Posts: 2284 Yateley, Hants, UK

Back to Top

15 May 2008 9:06 #3200

Assuming your PDF file started out as text, there are various ways to convert it back to text. For example, you can buy software that does it. Apparently, the full 'professional' version of Adobe Acrobat allows you to save back to (for example) Word or Notepad format files.

Once back as a text file, you can read it in Fortran.

If the original source contained pictures, or was simple a picture, then you are out of luck.

Google for 'convert PDF to text', and you will get hundreds of links.

Since the PDF encoding is reversible, someone out there must know the algorithm (I don't, but the internet is swarming with people who do!). If you know the algorithm, then you can program it in Fortran.

My Google search even found a 'PDF converter for .NET', which presumably you could link into a .NET FTN95 program, which would save you programming it yourself. (www.winnovative-software.com)

Regards

Eddie

Andrew

Posts: 186 Frankfurt, Germany

Back to Top

15 May 2008 9:20 #3202

You could always write a PDF parser 😃

You would need to make use of binary file reads (see READF@ etc.) but as has been previously stated, you need to know the binary file format (which is around) and is definately a non-trivial task.

WDG

Posts: 14

Back to Top

17 May 2008 12:12 #3210

success one small problem any idea how I can figure what this character is unfortunately I cannot get the character in the post 😮ops:

to describe it I would say it is an unfilled square [img] [/img]

IanLambley

Posts: 501 Sunderland

Back to Top

18 May 2008 9:56 #3211

Hi.

The unfilled square character can be various characters and usually means it is an ASCII control character with a value in the range 0 to 31 decimal, 0 to 1F hex, for which no graphic is defined.

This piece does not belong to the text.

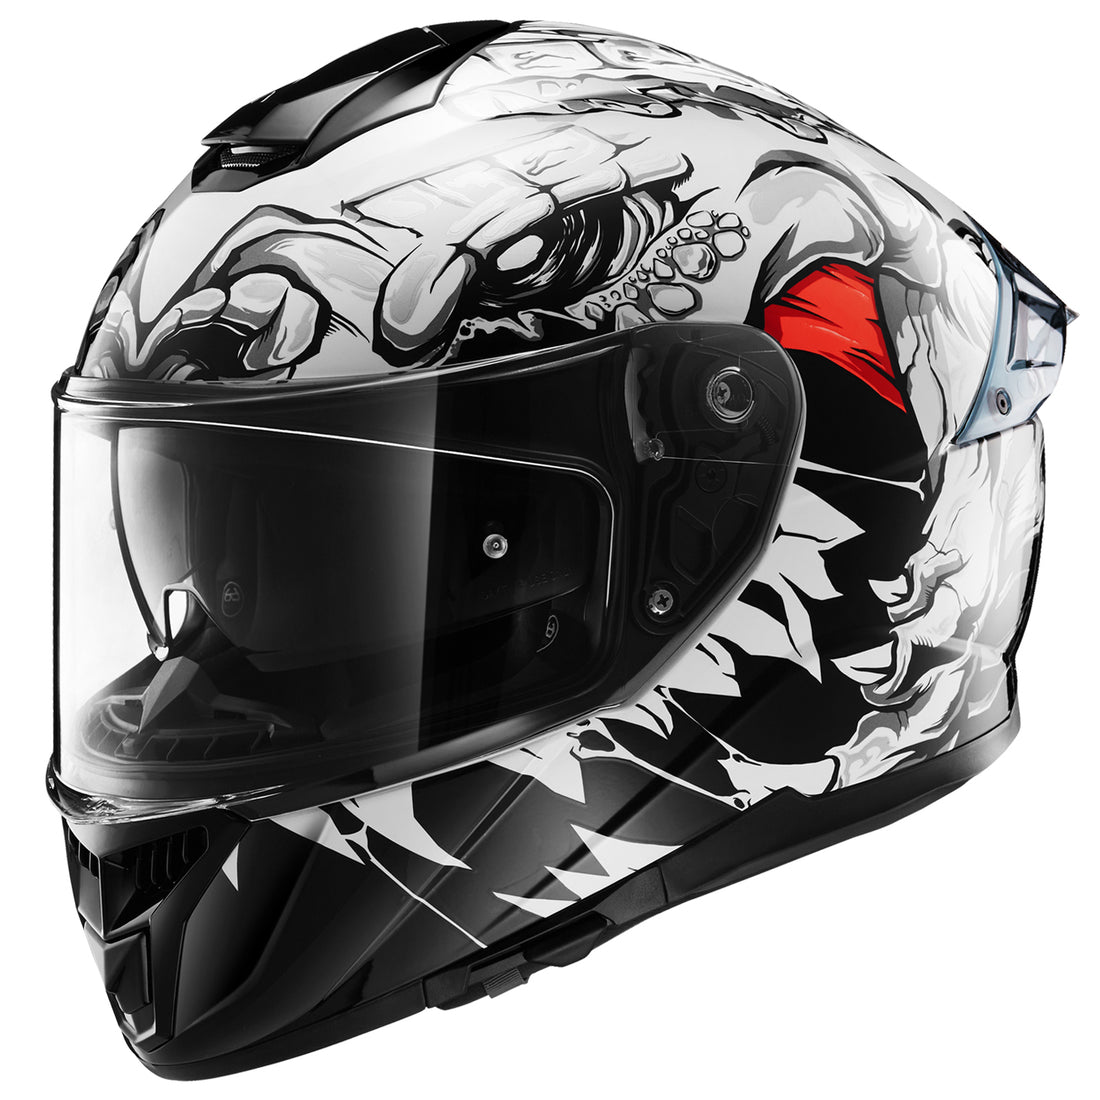 ILM Full Face Motorcycle Helmet Model 861A
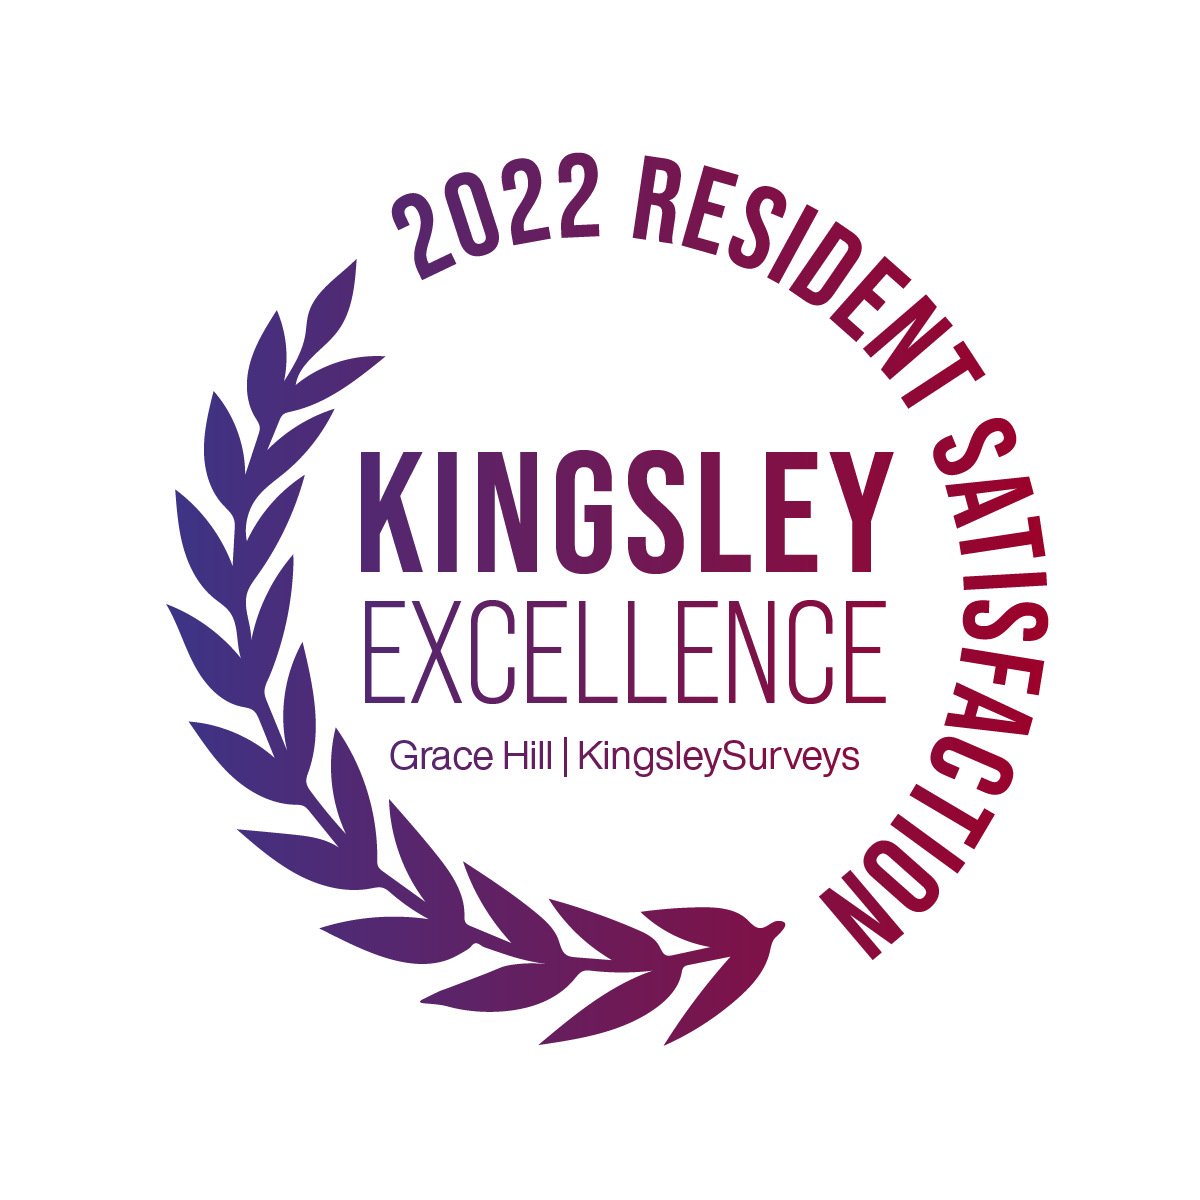  Kingsley Award

If you want to see these then get hold of an editor such as UltraEdit http://www.ultraedit.com/ which has a HEX display mode, or write yourself a Hex-dump program using the OPENF@ and READF@ type of routines available with FTN95 which will allow you to read the CR LF charactres, which editors such as Notepad will interprete but not explicitly show you. You can also open any file as direct access with a record length of 1 and pick out the individual characters in the same way the FTN95 routines can.

With regard to the format of a PDF file, or lots of other files, look at http://www.wotsit.org.

For a very limited and more maual method, you can use the text copy tool in Adobe Reader and paste into an editor or Excel, and save that in a suitable text file format, e.g. CSV or tab delimited etc. There is also a 'Save as Text' command in Adobe Acrobat reader, have you tried that?

The code for a dump program hexdump.f95 is:

character*16 line_in
character*80 line_out
integer*1    characters(16)
integer*2 handle, error_code
character*260 file_in
nbytes_at_a_time = 16
ifile_position=0
call command_line(file_in)
if(file_in .ne. ' ')then
  call openr@(file_in, handle, error_code) 
  if(error_code .ne. 0)then
    call doserr@(error_code)
  else
    nbytes_read = 1
    do while(nbytes_read .gt. 0)
      line_in = ' '
      call readf@(line_in, handle, nbytes_at_a_time, nbytes_read, error_code) 
      do i=1,nbytes_read
! get the character code for each input character
        characters(i) = ichar(line_in(i:i))
! translate unprintable characters to a dot for output presentation
        if(characters(i) .lt. 32)line_in(i:i)='.'
      enddo
! print out the data
      line_out = ' '
      write(line_out,1000)ifile_position,(characters(i),i=1,nbytes_read)
 1000 format(z8.8,'h: ',16(z2.2,' '))
      write(line_out(60:),1010)line_in
 1010 format('; ',a)
      if(nbytes_read .gt. 0)print *,trim(line_out)
      ifile_position =ifile_position + nbytes_at_a_time
    enddo
    call closef@(handle,error_code)
  endif
endif
end

Compile: ftn95 hexdump.95/nowindows/link

Typical command line usage is, for screen output: hexdump input_file.nam or output to a file hexdump input_file.nam >hexdump.out

I hope this helps

Regards

Ian

WDG

Posts: 14

Back to Top

18 May 2008 10:41 #3212

Thank you kind sir. I think I have it now. 😄 😄